Understanding what’s going on in Italian politics nowadays isn’t as simple as whistling dixies. Berlusconi’s no saint, that’s for sure. Like every other man, I guess. Berlusconi likes women a lot. He likes all sorts of women: young, middle aged, older. He likes chests, thighs, mouths all these sort of things. Like every other straight man, I guess. Obviously, given his role of Prime Minister, he should refrain as much as possible from showing his sexual appetites to the broader public, so that everyone will reach a state of suspension of disbelief and think that their Presidente is above human desires. Like in every other “normal” country.
However, regardless of all this ambiguity, even a kid should understand that – just before the demise of his political empire – there is a struggle for power going on right now in our country. Berlusconi’s enemies are using all the weapons at their disposal to make sure his legacy will be finished as soon as possible. According to the majority of the media outlets, he would be an old megalomaniac pervert mafioso that is now also a little bit sclerotic. If that’s true, then the Italians are to be held responsible for the election of such a villain to the post of Prime Minister.

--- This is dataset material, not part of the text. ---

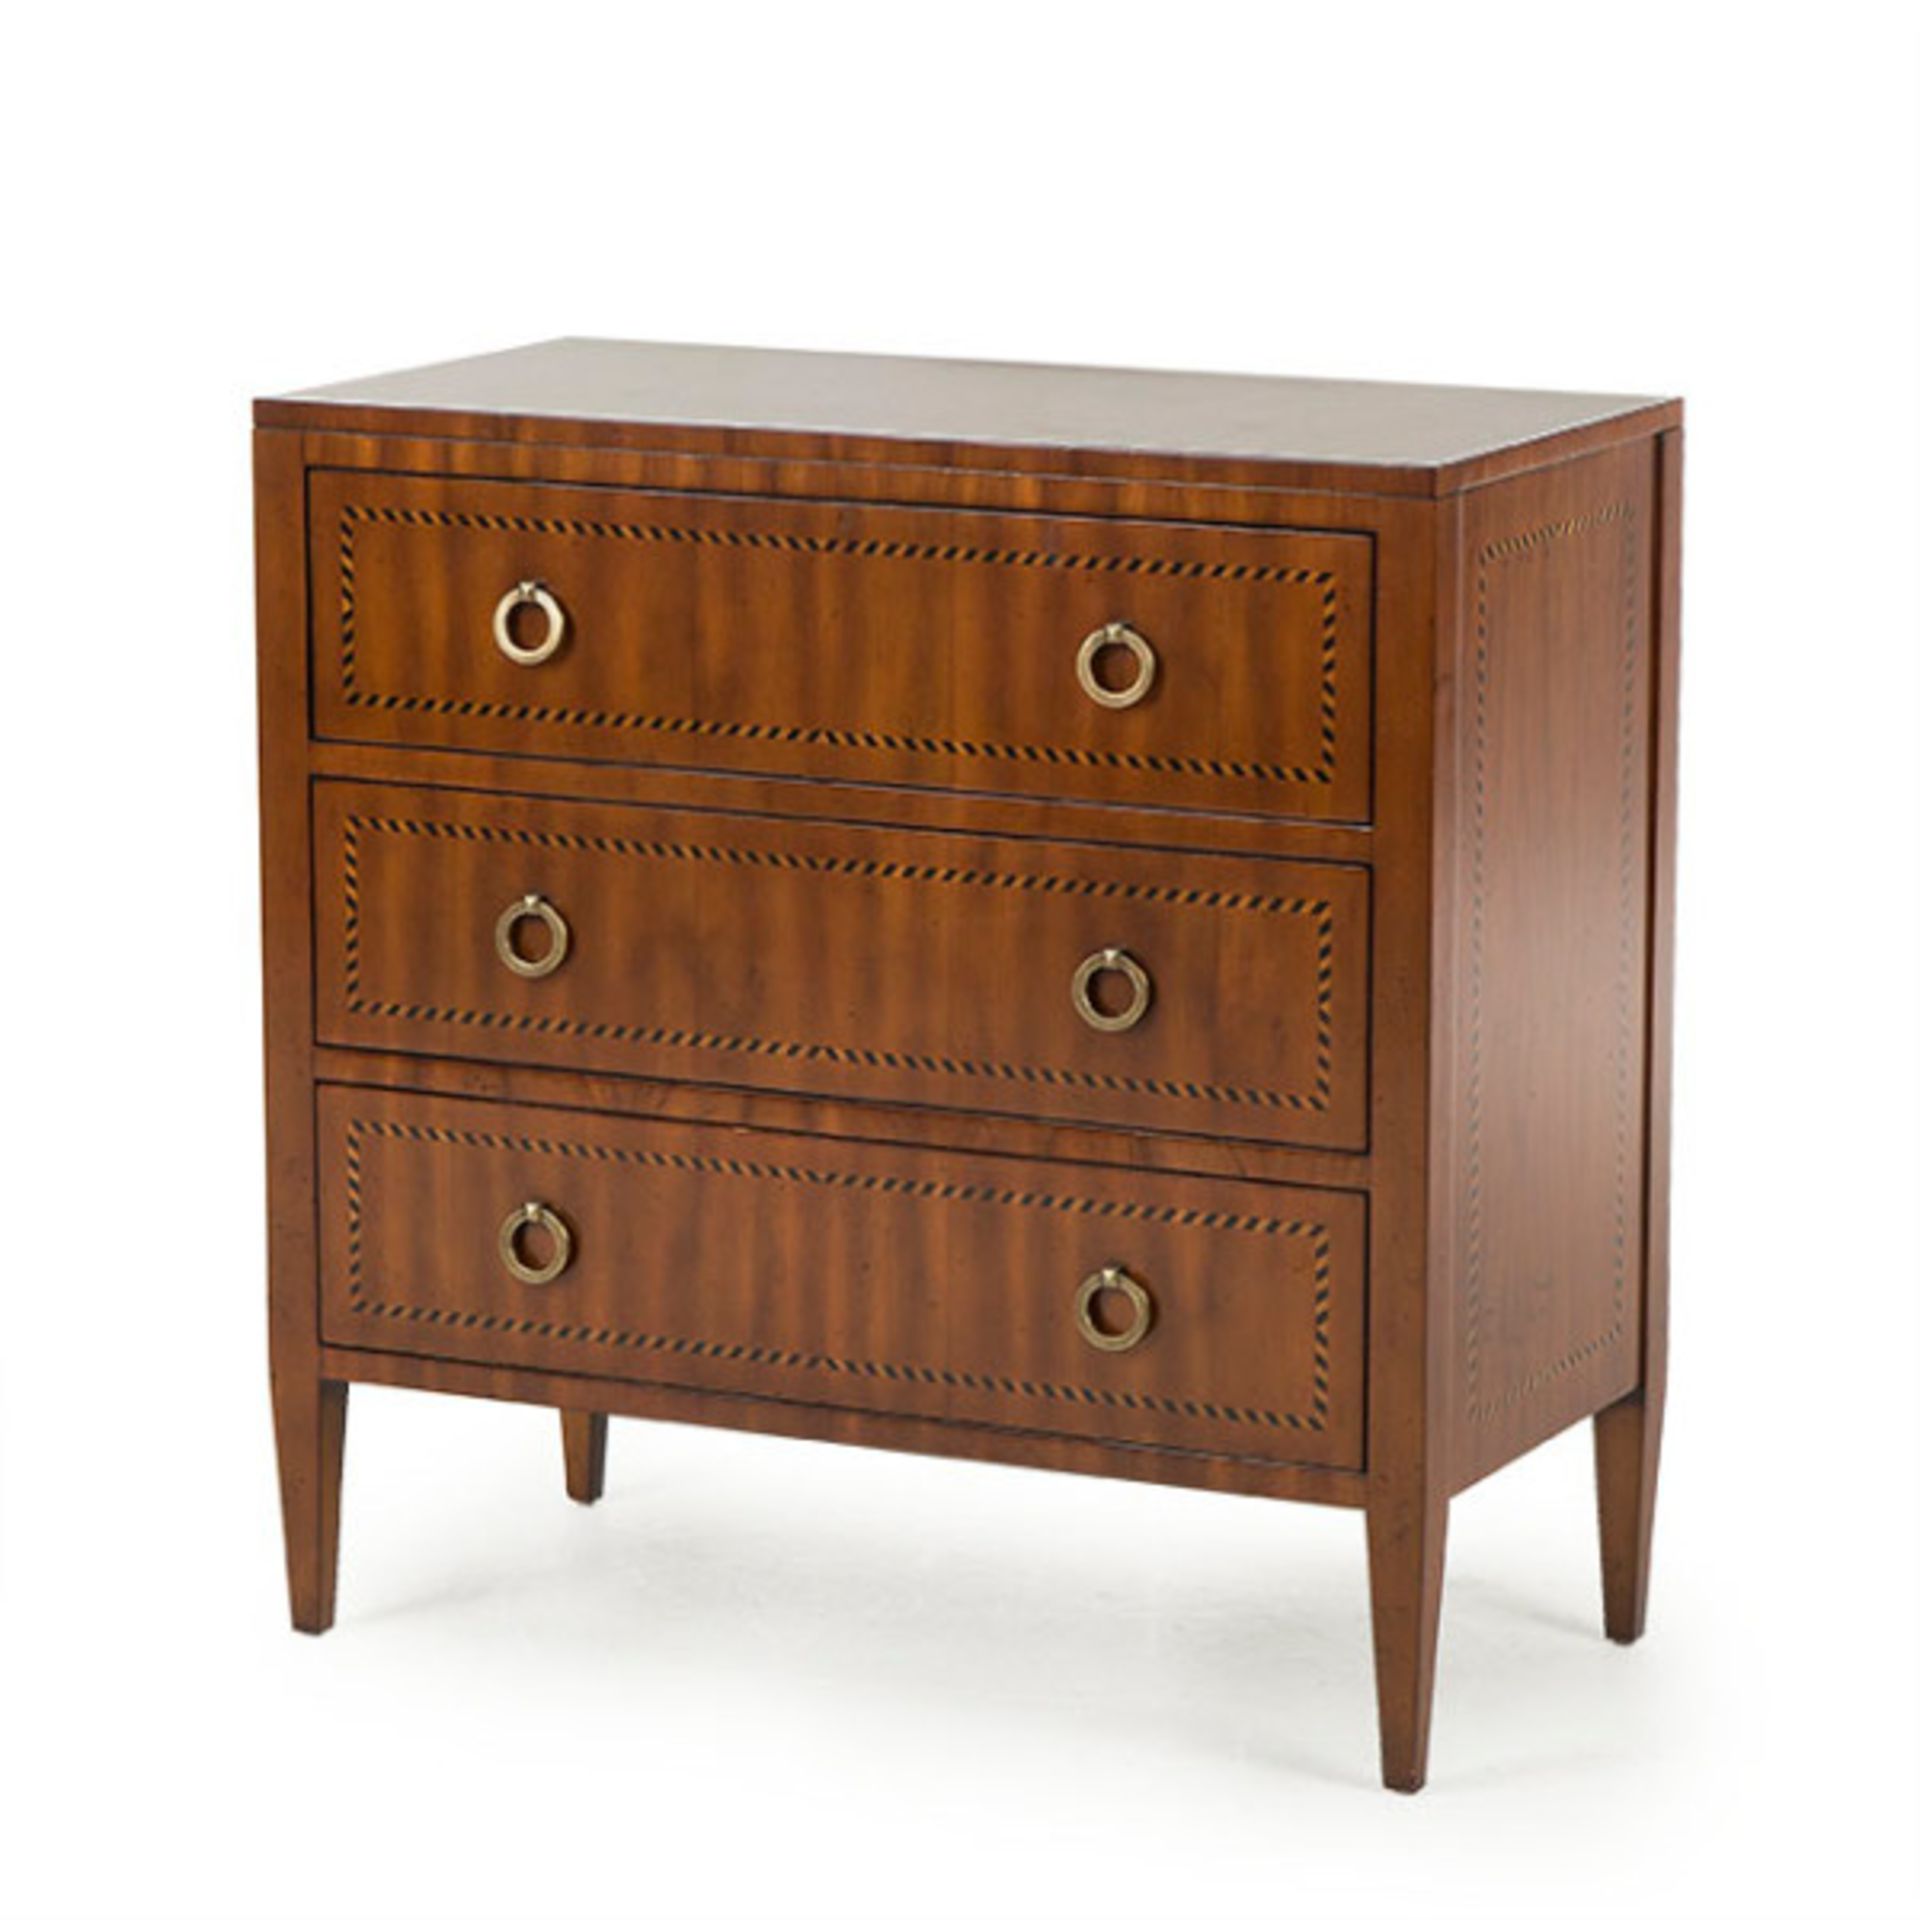 Maison 55 French 3 Drawer Chest On Legs carton French chest would make a wonderful decorative

The reality of course tells another story: the “Italian Left” (which could be a good name for a serious and much needed leftist party) is trying to pull him out of office. During the last years Berlusconi has been accused of having sex with a couple of underage girls with exotic names (and possibly their mothers too). He has been accused of impartiality, amorality, naiveté, totalitarianism. The recent justice reform introduced by his government has been defined as an “anti-democratic reform that destroys the rule of law” by former judge (and wannabe political leader) Antonio Di Pietro. Franco Cordero on La Republica even insinuated that, at the end of the day, Berlusconi is not so different from Gaddafi. Others have accused him of hypnotizing the Italians with his three television channels (a recurrent mantra of the left).

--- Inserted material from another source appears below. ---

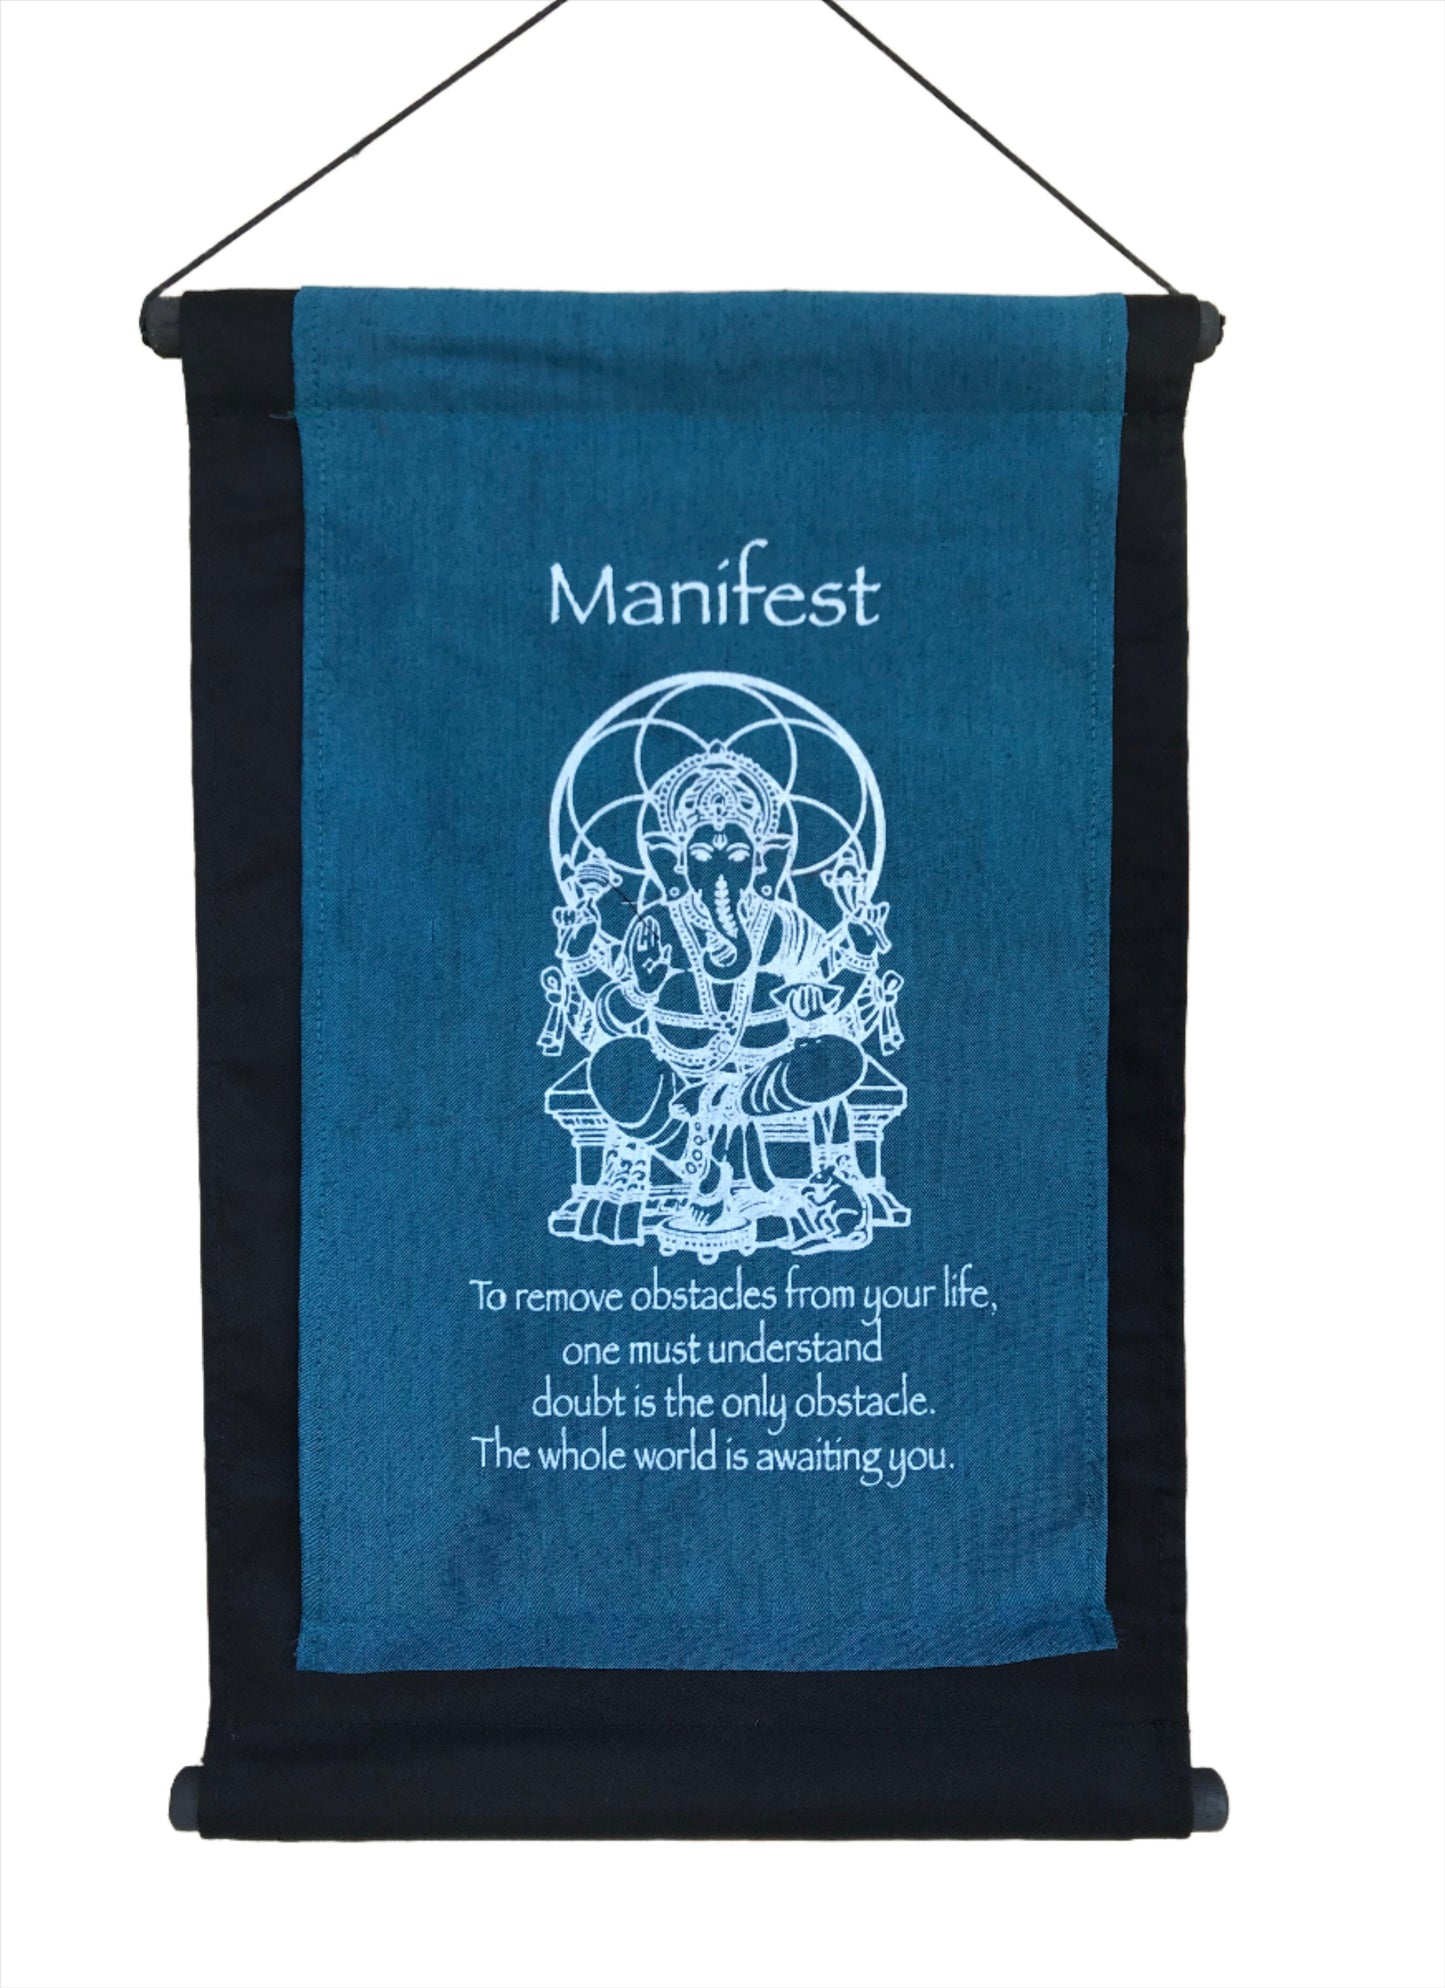 Hand Woven Ikat Ganesh Blessing Manifestation Banners - Available in 2 Sizes

He has been hit in the face with a statue of the Duomo by a troubled man in his forties. Even queen Elizabeth has chastised him when he called president Obama during the photo session at the G20 summit back in 2009. There must be something wrong with Berlusconi. Or, perhaps, there must be something wrong with la bella Italia altogether? Coming from England or France and entering into Italy, is just like passing from the lounge of your apartment, where Debussy is playing nicely on your Bang & Olufsen, to the kids’ room where everything isn’t where it should be and 50 Cent is rapping from a cheap stereo. Everything here gets over complicated and cacophonic. Firms can’t invest, workers can’t offer their services, garbage doesn’t get disposed, students don’t study, teachers don’t teach, roads don’t lead anywhere, houses aren’t available for living, people don’t get marry, children don’t grow up. Can Berlusconi be the cause of all these troubles? He should get some sort of award for that. Or maybe Berlusconi is just the symptom of all this. If I was one of his political opponents though, I would bet on the first option: it is much more convenient to say that Berlusconi is the source of all Italian problems than explaining why Italy has so many problems. Besides, in this way, I wouldn’t even have to worry about solving the problems of the Italians, since it would just be Berlusconi’s fault.

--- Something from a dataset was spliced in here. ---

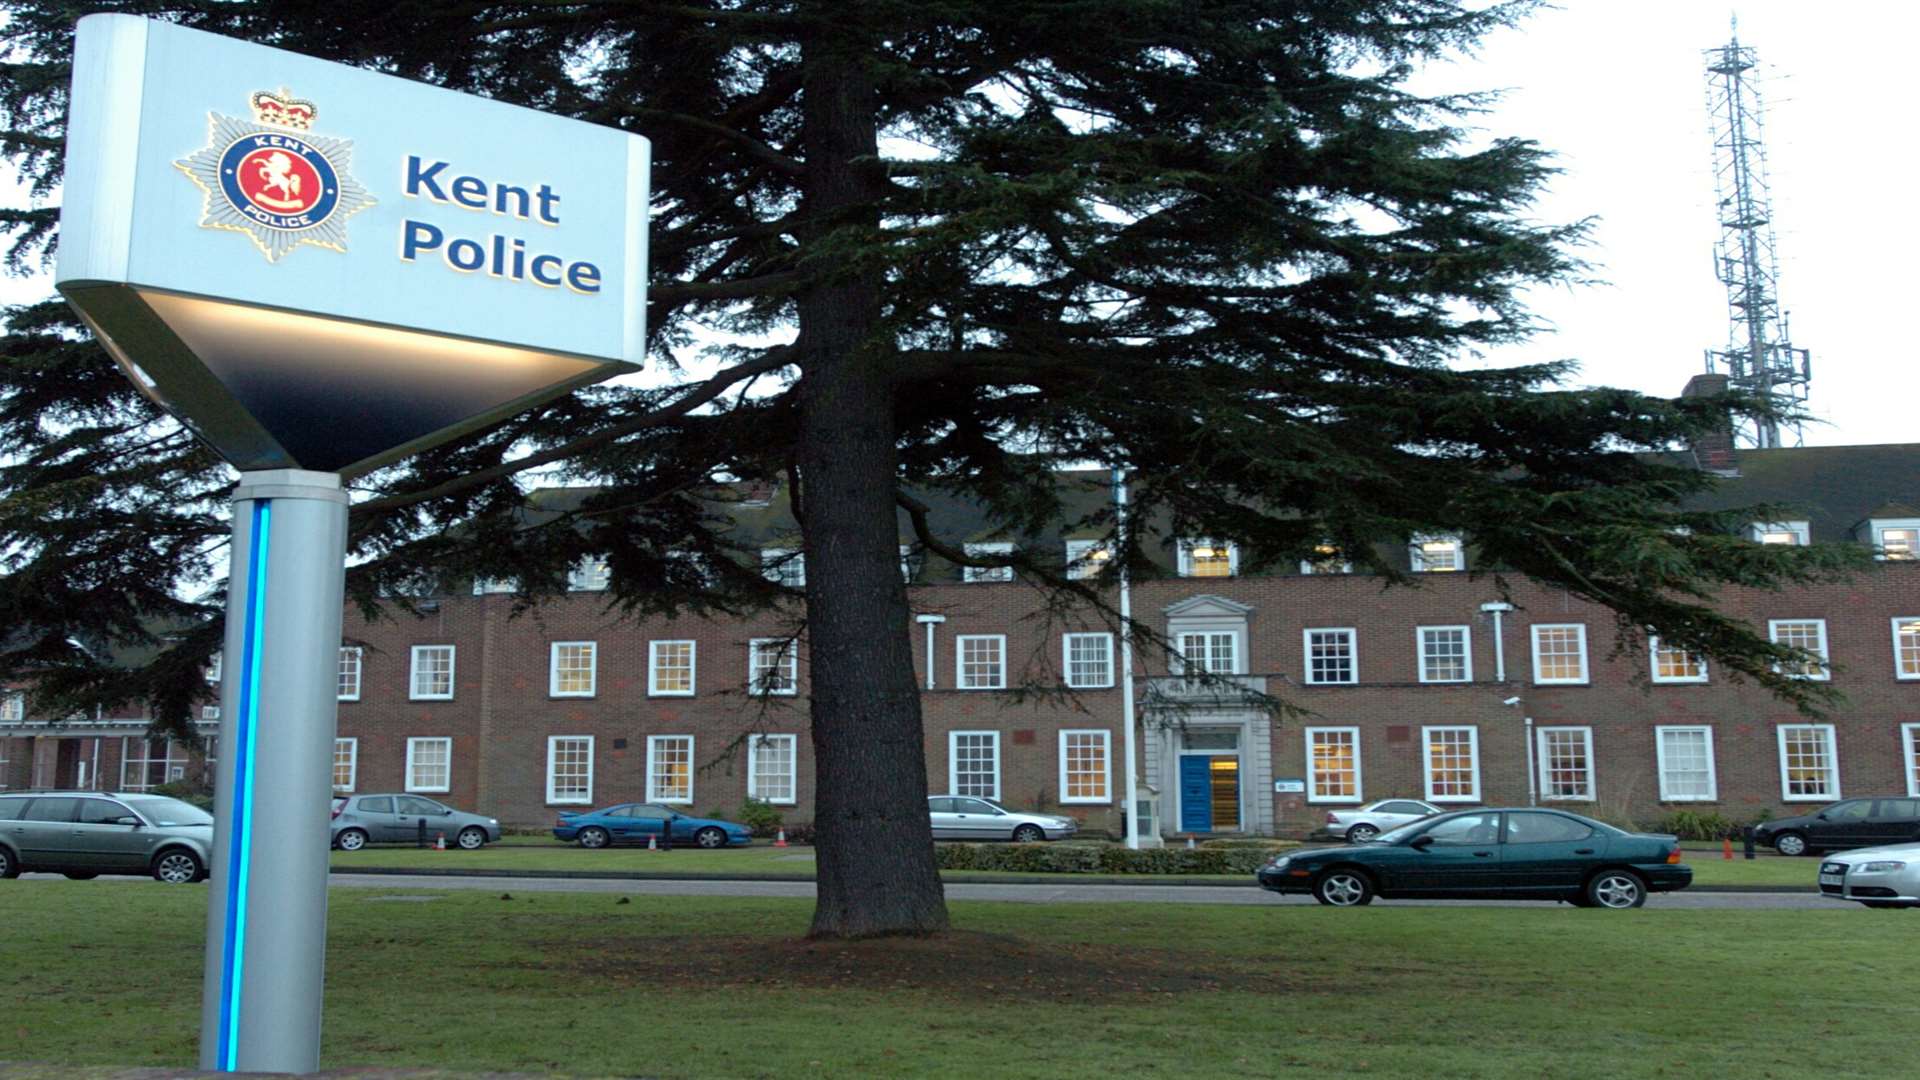 Kent Police HQ in Maidstone

The Mezzogiorno isn’t developing regardless of the enormous amount of money that the EU put into it during the last twenty years. Berlusconi wasn’t living in Naples so, perhaps the media won’t accuse him for this two-hundred-year-old problem. Yet, he was accused by Antonino Giuffre of having developed a relationship with some high ranked member of Cosa Nostra, like Stefano Bontade. So, in a way, he was also involved in the underdevelopment of Southern Italy.
Giuliano Ferrara (director of Il Foglio) thinks that Italy is a country of hypocrites: everyone is evading taxes, yet only Berlusconi is a tax dodger. So, once he’ll be finished, there will be no more tax dodgers around and Italians will be free to evade taxes as they please. According, instead, to my cousin Giancarlo Loquenzi (director of L’Occidentale), Berlusconi has come at a crossroad, he should decide whether to fight the communist Milanese judges or continue governing: he can’t juggle two things at once at this point.
Whatever your political ideas, it is clear that Italians can’t afford another era of hypocrisy. They must invest in their own future and become adults once and for all. Those who are impatiently waiting for the end of Berlusconi to come will be utterly disappointed when they’ll find out that this event won’t transform their country into the paradise on earth it has never been. Those who support Il Cavaliere will instead discover that, unless they act swiftly and quickly, Italy will sink together with them and become a “less developed country”.
Understanding Italian politics right at this moment, might not be the easiest thing to do and Berlusconi certainly isn’t a saint: nevertheless it is clear that there’s a huge power struggle going on right now in Italy in which no one can really cast the first stone.